■ About this exercise
From the line containing "Medium Adelita" to the line containing "Stairway to the stars" in the records below, set down every line exactly as it stands, both ends included, and skip the pictures.

■ Supplied data
# # #
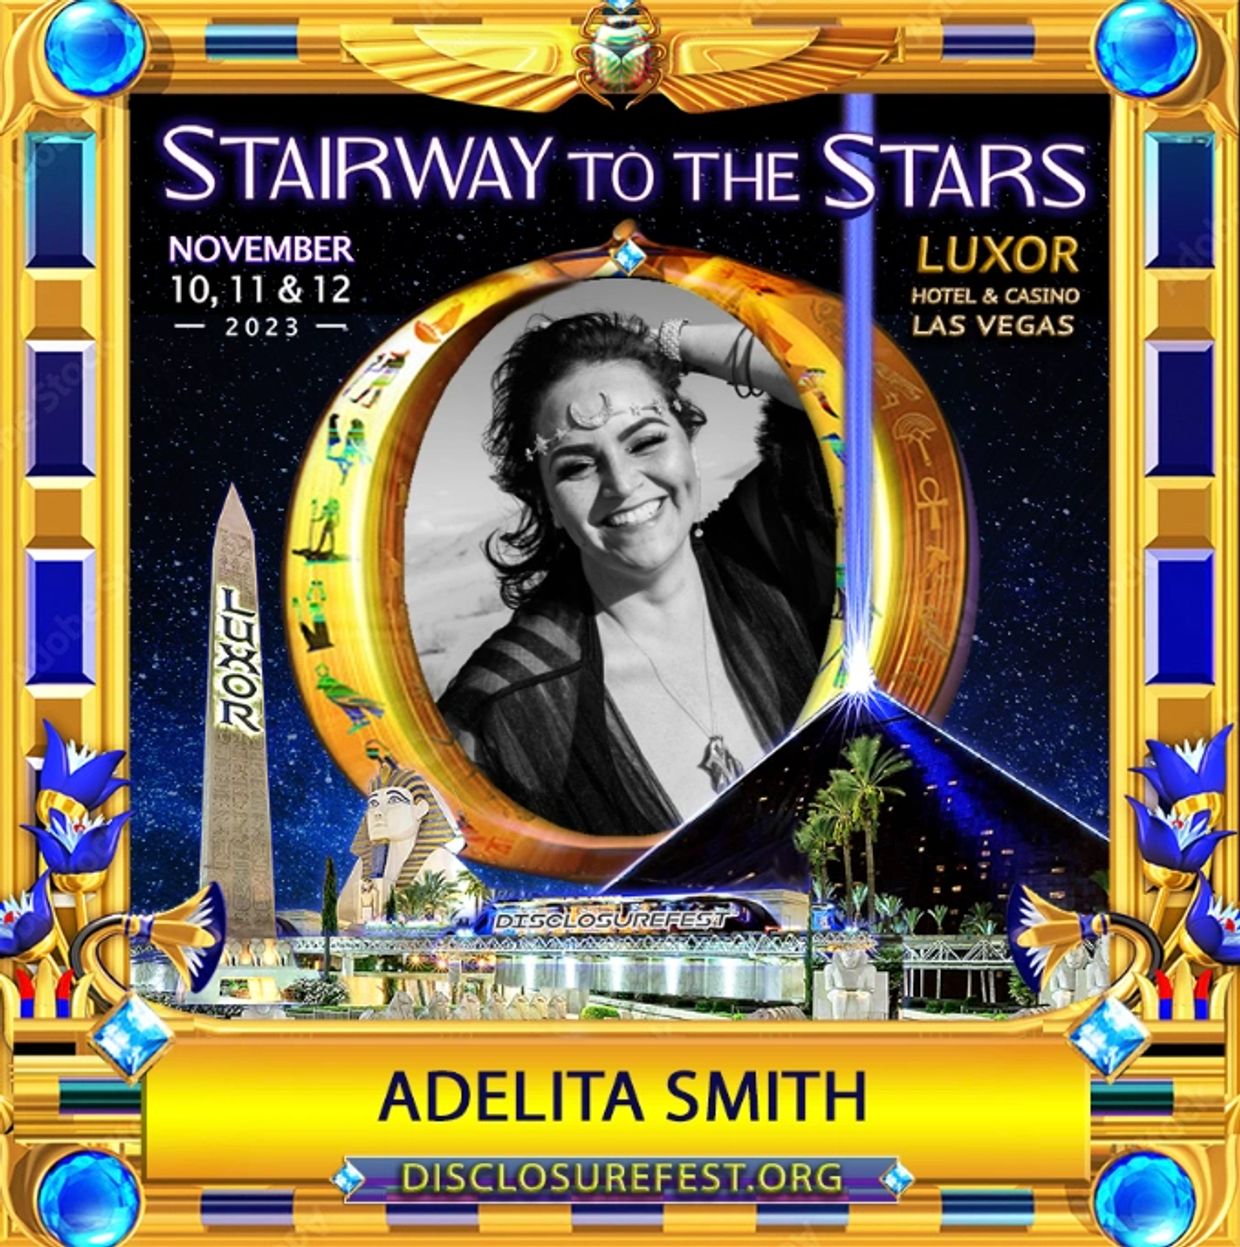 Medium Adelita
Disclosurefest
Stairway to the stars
# # #
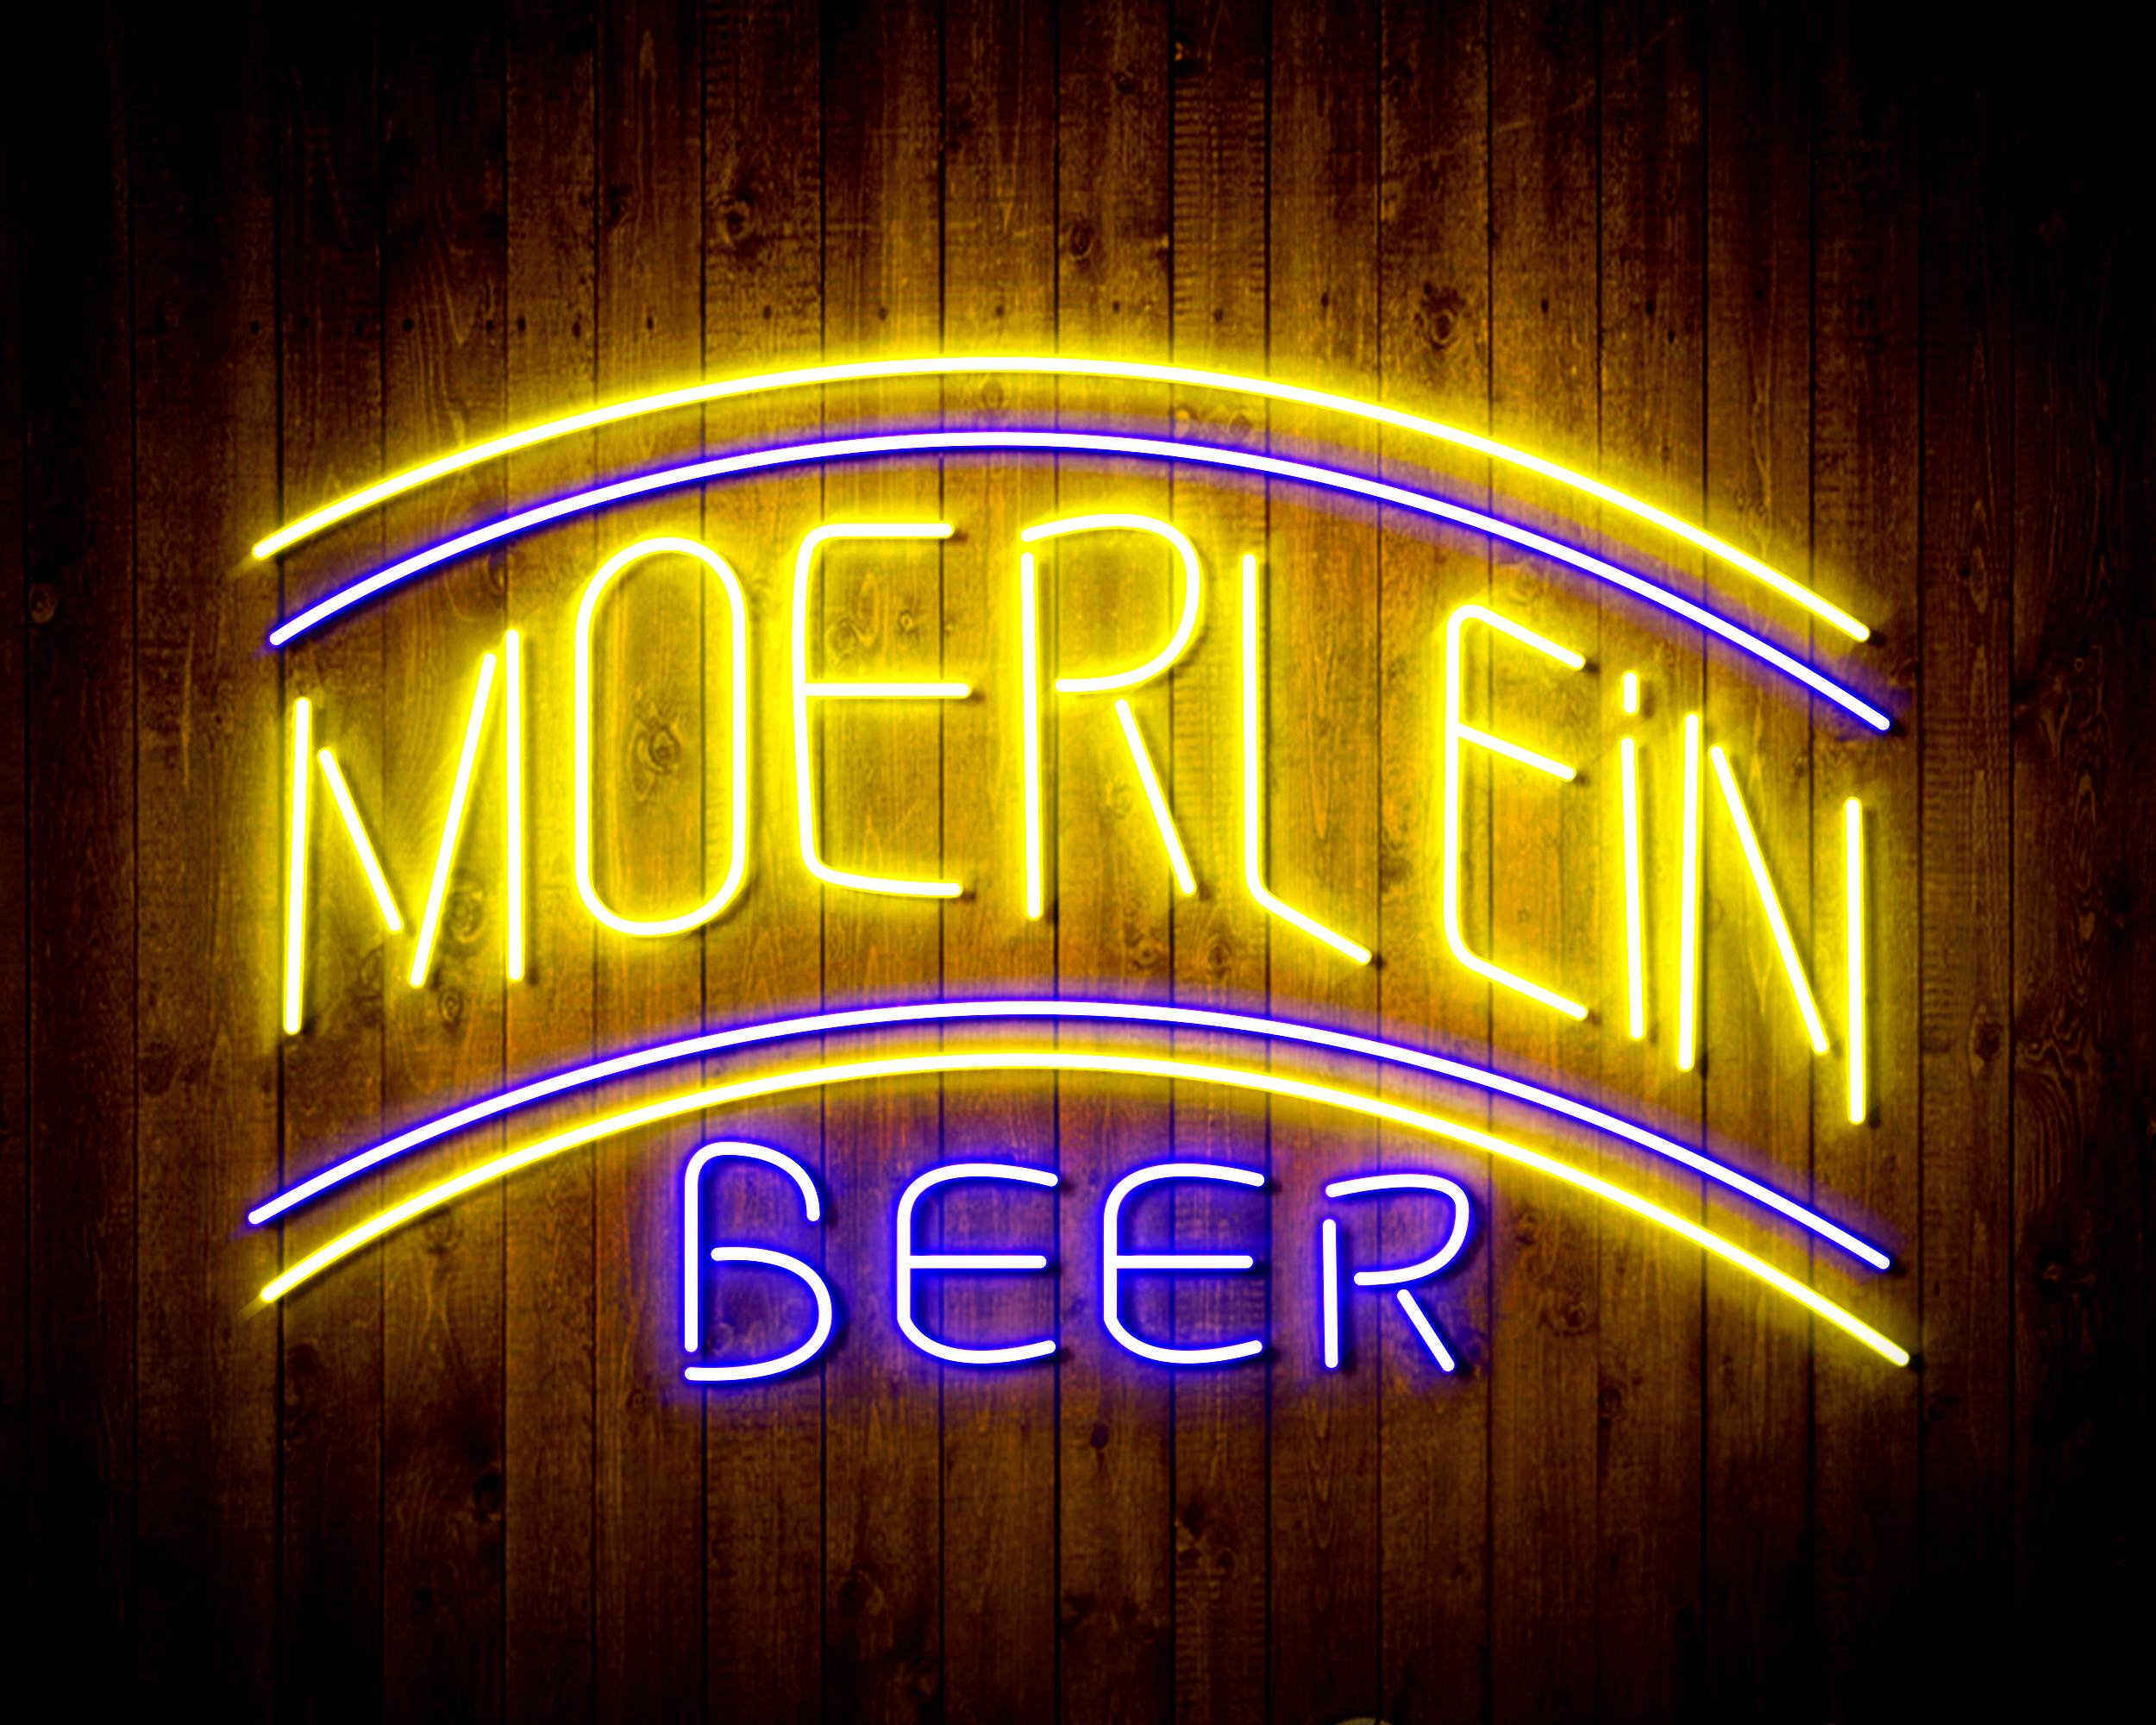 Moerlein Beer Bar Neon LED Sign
# # #
■ Solution to the problem
 Medium Adelita
Disclosurefest
Stairway to the stars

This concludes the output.